The art work came tumbling out of me perhaps because I have spent so many days and nights on this mountain. The relationship is always at the centre of the creative process for me. The importance of observation is not only in the seeing, but the sheer act of being and communing with something, someone or somewhere.

Although seemingly esoteric, this approach is about chasing the importance and value of simplicity, ultimately it is about stripping oneself back to the very bones of what it means to just be. The value is ultimately not in the selling price, but in the contribution that is made to the artist’s well-being, the viewer’s well-being or perhaps in the more subtle form, the well-being of the space in which the exchange of observation and relationship took place.

What I enjoy most about this process is the surprise that occurs when, after the moment of expression, I step back and can see something at work in me that I don’t identify as myself and it gives me a sense of hope that when these hands stop working, these eyes stop seeing and this mind stops working as I have known them always to do so, there is more.

Winter Rituals – evoking a sense of belonging


This year, as the days grew shorter and the nights longer for the third winter spent living in Gippsland, I found myself craving my home made Chai Tea. As I got the recipe out I realised that it had become a seasonal ritual since having moved to my new town. This yearly touchstone gave me comfort, not just from the tea, but from the gesture of continuity within a period of great change and upheaval. Traditions and rituals are so often lacking from our culture and daily lives as a way to mark and embrace phases of transition; they allow us to move into change rather than resist it and form an import part in creating a sense of inner and outer belonging.

There was both a sense of adventure and also a frustration when I first arrived in my new town. Everything that I had taken for granted over years of making connections in Melbourne, suddenly took effort through trial and error. This journey has been acutely mirrored in my art practice which was my main motivation for leaving the daily commute and the pollution of noise, light and traffic.

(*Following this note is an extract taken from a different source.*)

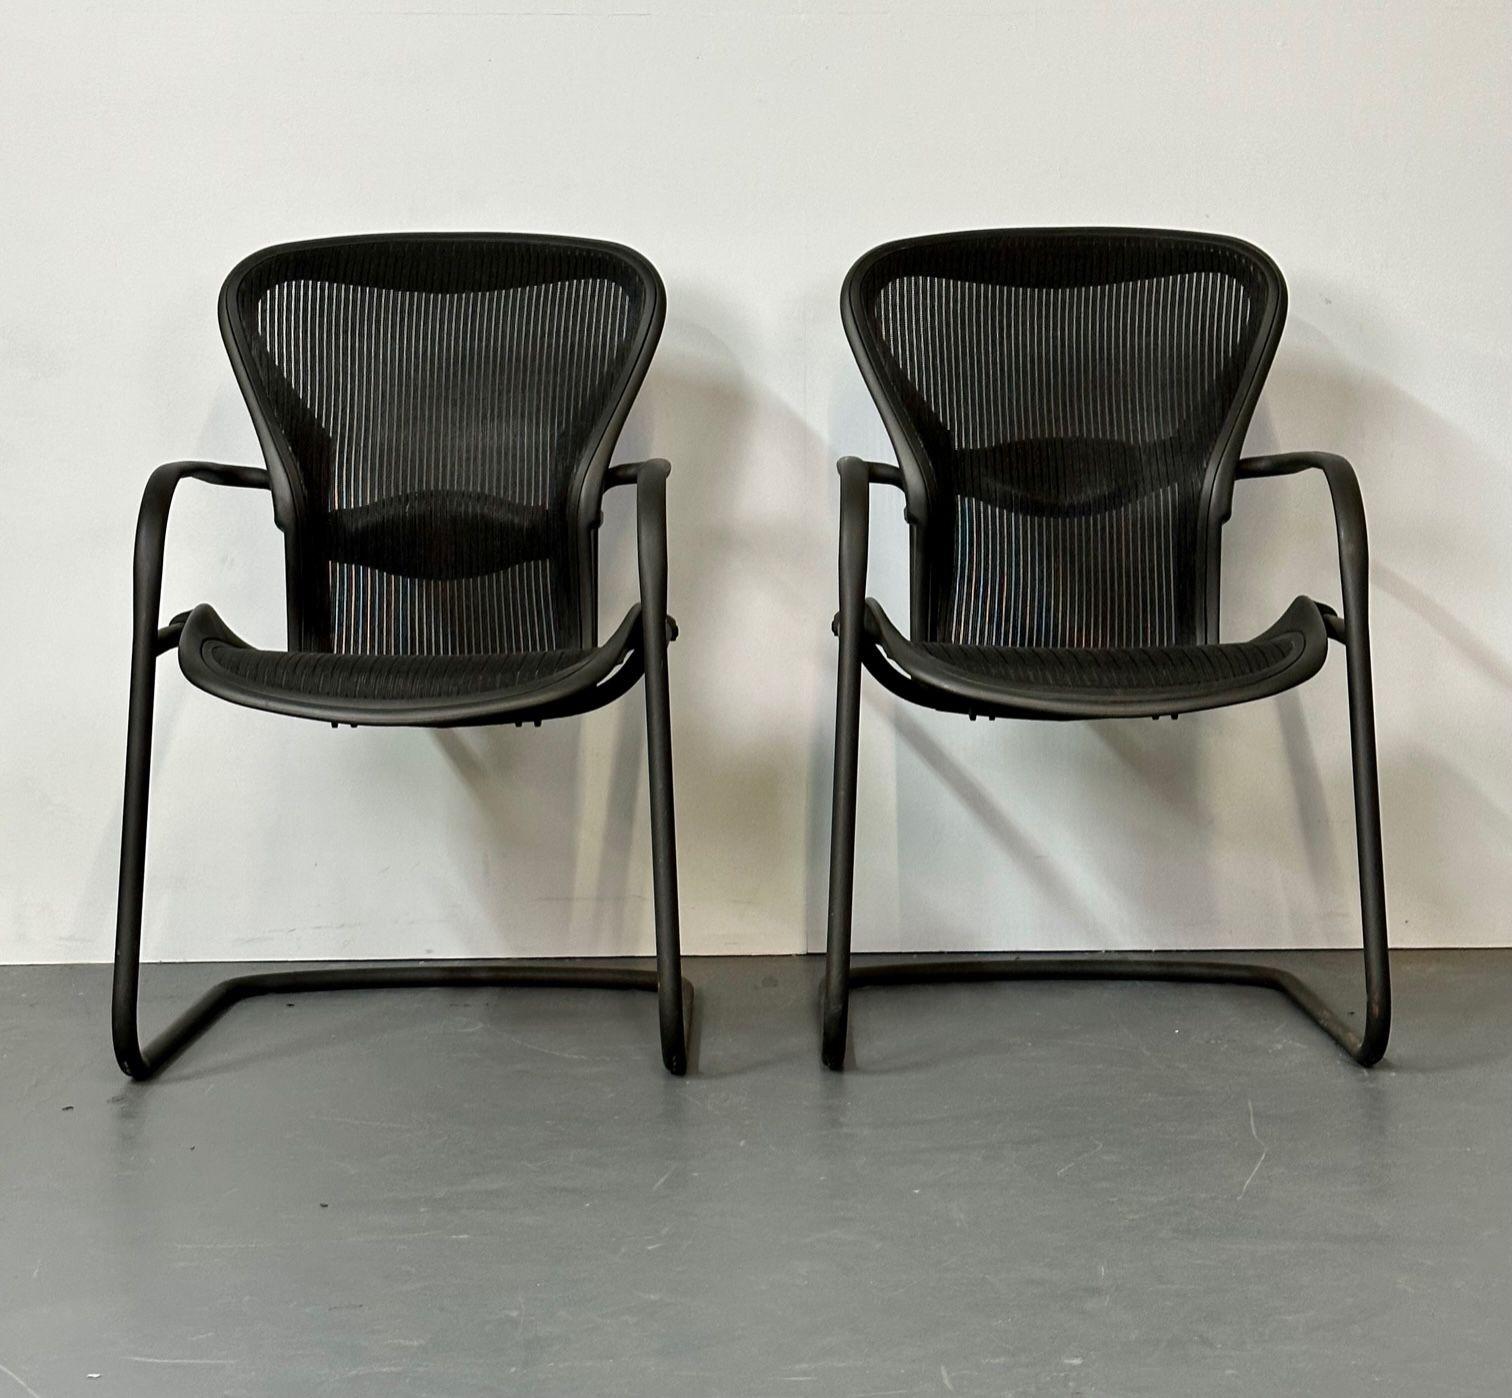 Miller Eames Modèle EA 435 fauteuil de direction groupe aluminium cuir noir soft pad.
 
Fauteuil de direction Herman Miller Eames modèle EA 435, groupe aluminium, cuir noir soft pad. Une paire sur roulettes pour Herman Miller. Le siège est en cuir

Since moving, my art practice has shifted from the internal world of still life to the outer world of landscape, offering a way to communicate the internal atmosphere of mood. Although having grown up in the city when I sit with the scope of my experience, Gippsland has felt like home long before I came here to live. It is not the streets, or the houses, or the shop fronts and streetscapes. Those come and go – for me, the big skies, the birds’ flight home at dusk, the smell of smoke in fresh air and watching the seasons paint the landscape at their whim are where I have discovered a new and deeply inspiring source of creativity and belonging.

OLYMPUS DIGITAL CAMERAThe journey to belonging is not marked by outward recognition or unspoken rules of initiation, it is an internal strength born from a sincere commitment to something of deep significance to you. It might be a favourite recipe, a craft that comes out the cupboard when the season beckons or even a daily ritual of driving the long way home because the view is better … these simple acts of conscious living can help strengthen and deepen our everyday, particularly at this time year when we are asked to dance with the dark.